Fresh from the movement, AAP emerged as a feisty debutant on the Indian political landscape. It won parliamentary seats in Punjab in the 2014 Lok Sabha elections and took over Delhi, cornering a whopping 54.34 per cent of the vote share and 67 of the total 70 seats in the Delhi Assembly elections held barely months after the Modi wave had swept the BJP to power at the Centre. But since that extraordinary victory, Kejriwal has rapidly lost the plot with his multiple conflicts with the Centre including a territorial war with Delhi’s Lieutenant Governor, criminal cases against several MLAs, and spats with many central leaders including Finance Minister Arun Jaitley who has sued the Delhi chief minister for defamation. Twenty-one AAP MLAs have been disqualified under the Office of Profit rules. Given this backdrop, AAP failed to retain the voters’ faith. In the results for the three civic bodies — South, North and East Delhi Municipal Corporations — the BJP was set to get about 183 of the total 270 wards for which elections were held on April 23. AAP stood a distant second and trends till late Wednesday afternoon indicated that the Congress was third with a tally of about 32 wards.

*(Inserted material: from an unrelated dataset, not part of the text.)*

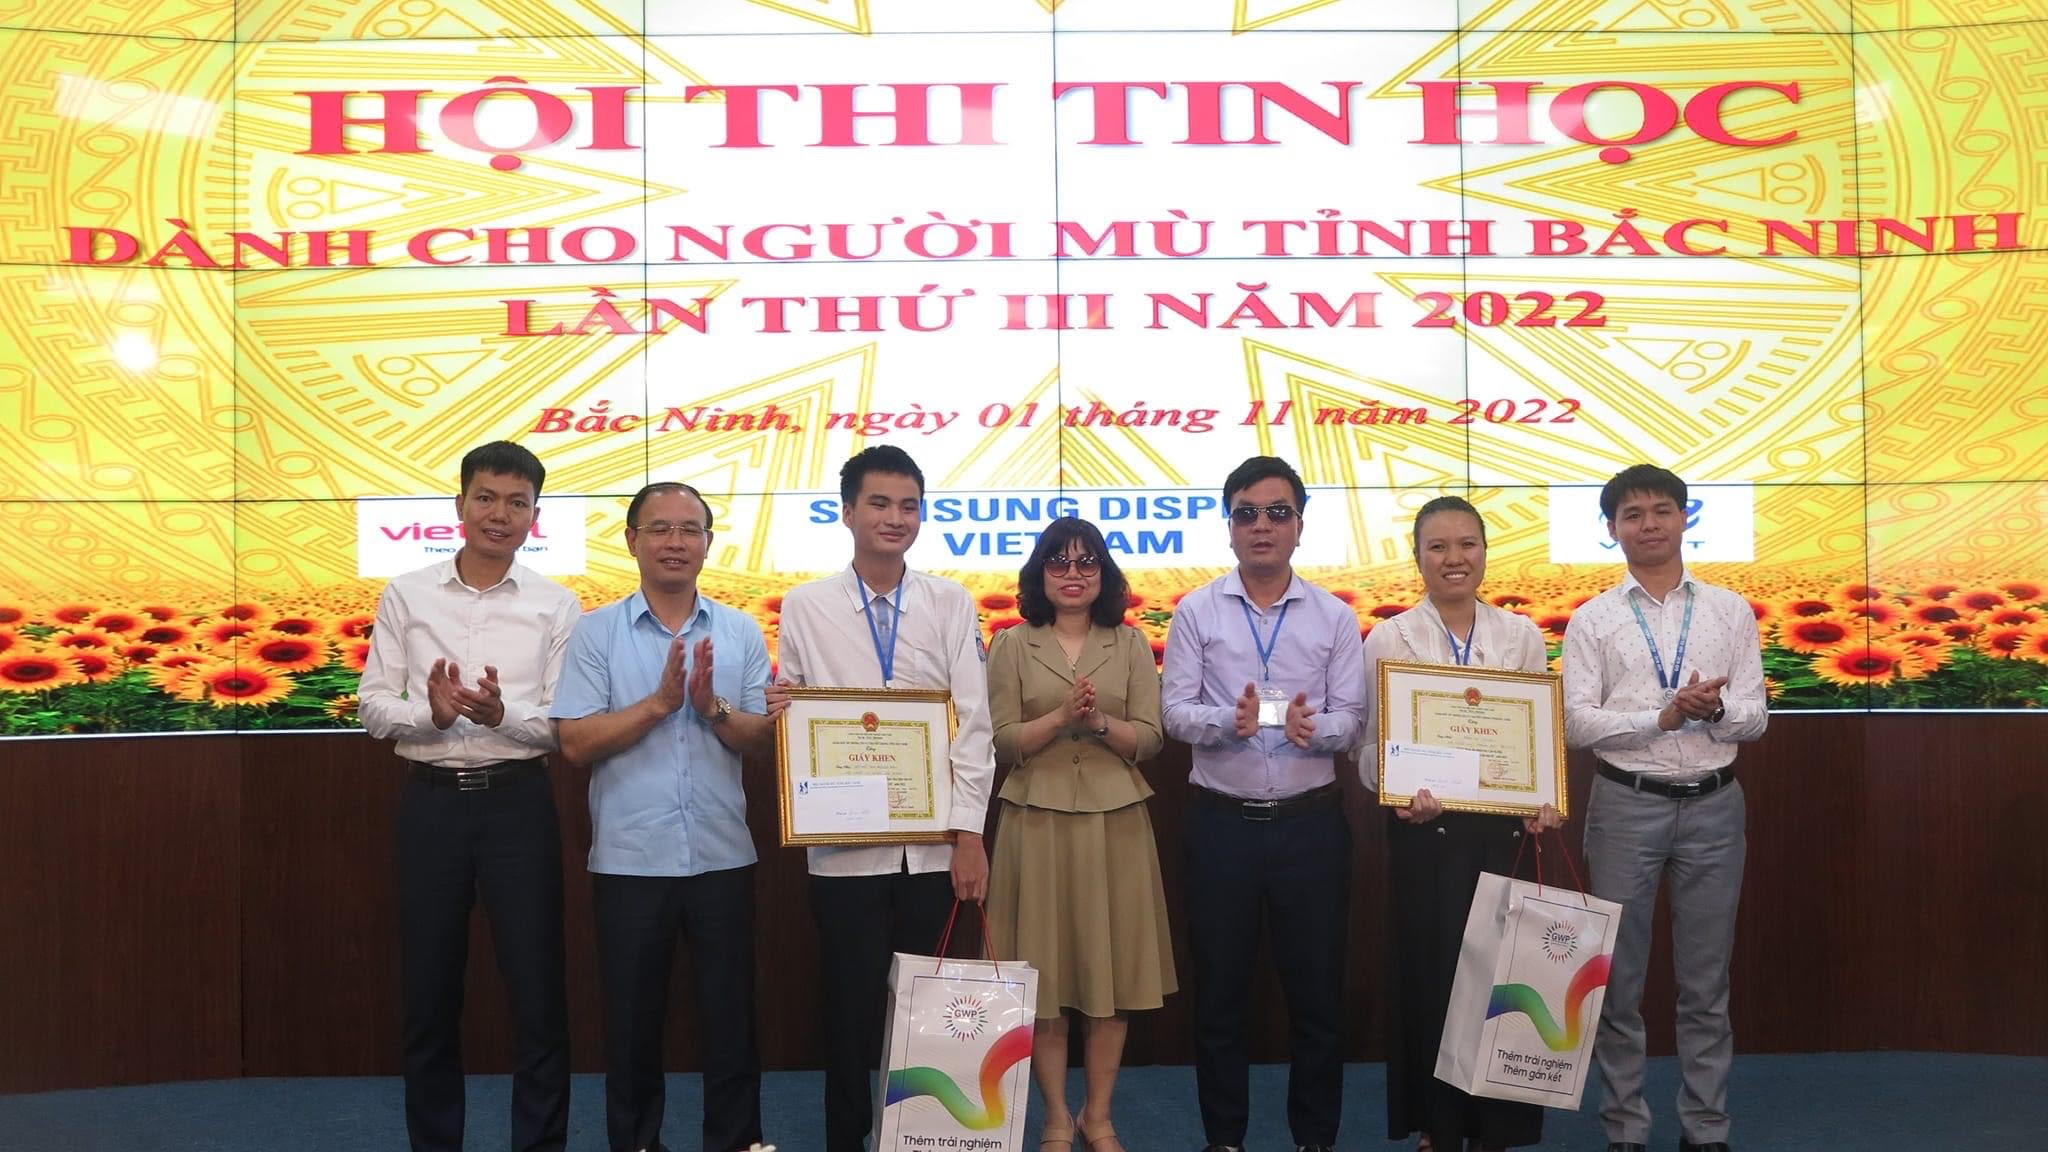 Hội Người mù tỉnh Bắc Ninh tổ chức hội thi tin học lần thứ III

The response of the young party and Kejriwal to the voters’ verdict has been even more disappointing. Instead of displaying grace and the need to introspect, Kejriwal has gone on a tirade against the electronic voting machines. A bad loser can hardly hope to inspire confidence among his followers. AAP looks set to be a blip rather than a shining star on India’s political horizon.